I guess this example would clarify things.
In general, Information gain lets you choose a split on which the classes get “purer” (and the classes do not have to be 2). If one particular split gets you the max information gain, then you use that particular split.
As in @ai_curious link, for example, Decision Tree Classifier lets you choose the criterion “entropy” which is what used in the course.
You started in a good place (MLS Course) and from here you have more questions which is great :). But to state the obvious, it depends on the interests and goals you have because depending on that there are different paths to the answers. For example, if you are more oriented to the application, @ai_curious linked sklearn library docs are good place to dig in. On the other hand if you are more interested in research, then published papers is the more obvious place to go.
In simple words, Wikipedia can show you the branches, but getting deep knowledge requires a lot of effort and sometimes internet is not enough (even though you can find almost anything you search for).
Do you understand I’m an absolute beginner in this field? Sending a link without explaining what you explained in this message was not that helpful.
Thanks
Thank you. Indeed at the moment I’m more curious about how things work and what’s the stats of things rather than applications.
I will dig online to see if I can find answers to my questions. I already found a few things by looking at wikipedia’s references that I didn’t think of in the first place.
Entropy H(p_1), H(p_2),H(p_3)… etc will all get the same entropy value for a given node. The entropy formula is simplified in the above slide to make it easy to understand the calculation in the below slide
Entropy is more a property of node so for a given node it will be same.
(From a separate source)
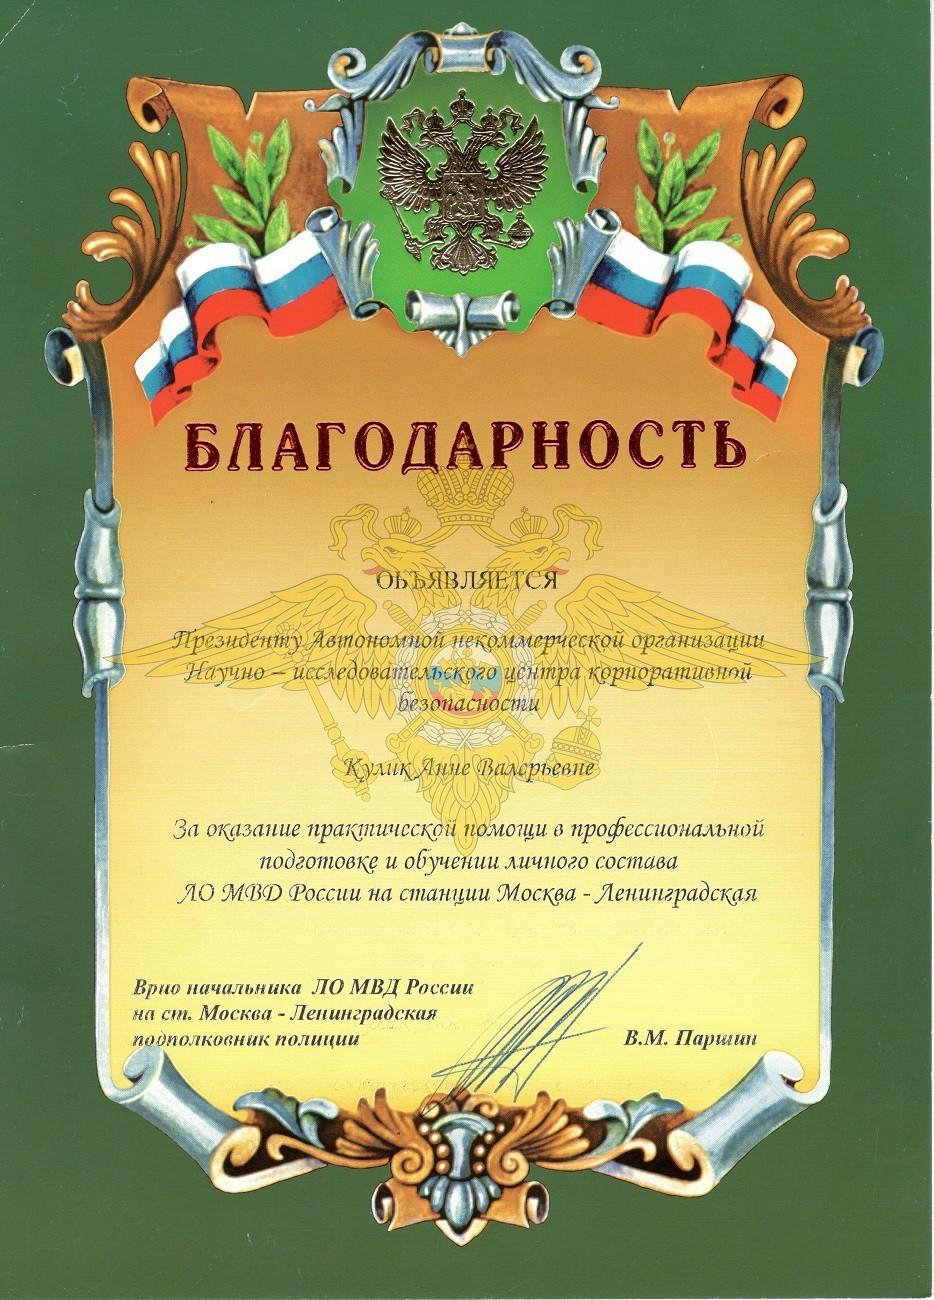 Благодарность МВД Москва-Ленинградская Кулик

If nodes have notations like [C_1,C_2,C_3,......,C_J] and k classes in dataset then Entropy for given node C_j should be
H(C_j) = -p_0log_k(p_0) -p_1log_k(p_1)+.......-p_{k-1}log_k(p_{k-1})
here p_0 is fraction of class 0 at the node we are calculating entropy.
and p_1 is fraction of class 1 at the node we are calculating entropy etc
The information Gain formula should be
IG = H(C_{parent}) - (w^{left} H(C_{left}) + w^{right} H(C_{right}))
Here w^{left/right} = (Total number of elements in left/right node)/(Total Number of elements in parent node)
For Example lets consider dataset [cat1, cat2, cat3, dog1, dog2, dog3, dog4, mouse1, mouse2]
There are 3 cats, 4 dogs and 2 mice. Lets consider a decision tree as below
Entropy for C_{parent} node is
H(C_{parent}) = -p_{cat}*log_3(p_{cat}) -p_{dog}*log_3(p_{dog}) -p_{mouse}*log_3(p_{mouse})
here p_{cat} = 3/9, p_{dog} = 4/9, and p_{mouse} = 2/9
H(C_{parent}) = (-3/9 * log3(3/9)) - (4/9 * log3(4/9)) - (2/9 * log3(2/9)) = 0.966
The above entropy will be “1” if all the elements of the dataset are equal, i.e, 3 cats, 3 dogs, 3 mice. Similarly, you calculate H(C_{left}), H(C_{right})
H(C_{left}) = (-2/5 * log3(2/5)) - (1/5 * log3(1/5)) - (2/5 * log3(2/5)) = 0.96
H(C_{right}) = (-1/5 * log3(1/5)) - (3/5 * log3(3/5)) - (0/5 * log3(0/5)) = 0.57
Finally, Information gain is calculated by
w^{left} = 5/9, w^{left} = 4/9
IG = H(C_{parent}) - (w^{left} H(C_{left}) + w^{right} H(C_{right}))
IG = 0.97 - (5/9 * 0.96 + 4/9 * 0.57) = 0.183
Without context of how other features will perform we cant say if the above IG is good or bad but the right node seem to do good job of isolating dogs at least but we also have to consider that more elements are in left node and their entropy is very high which is bad.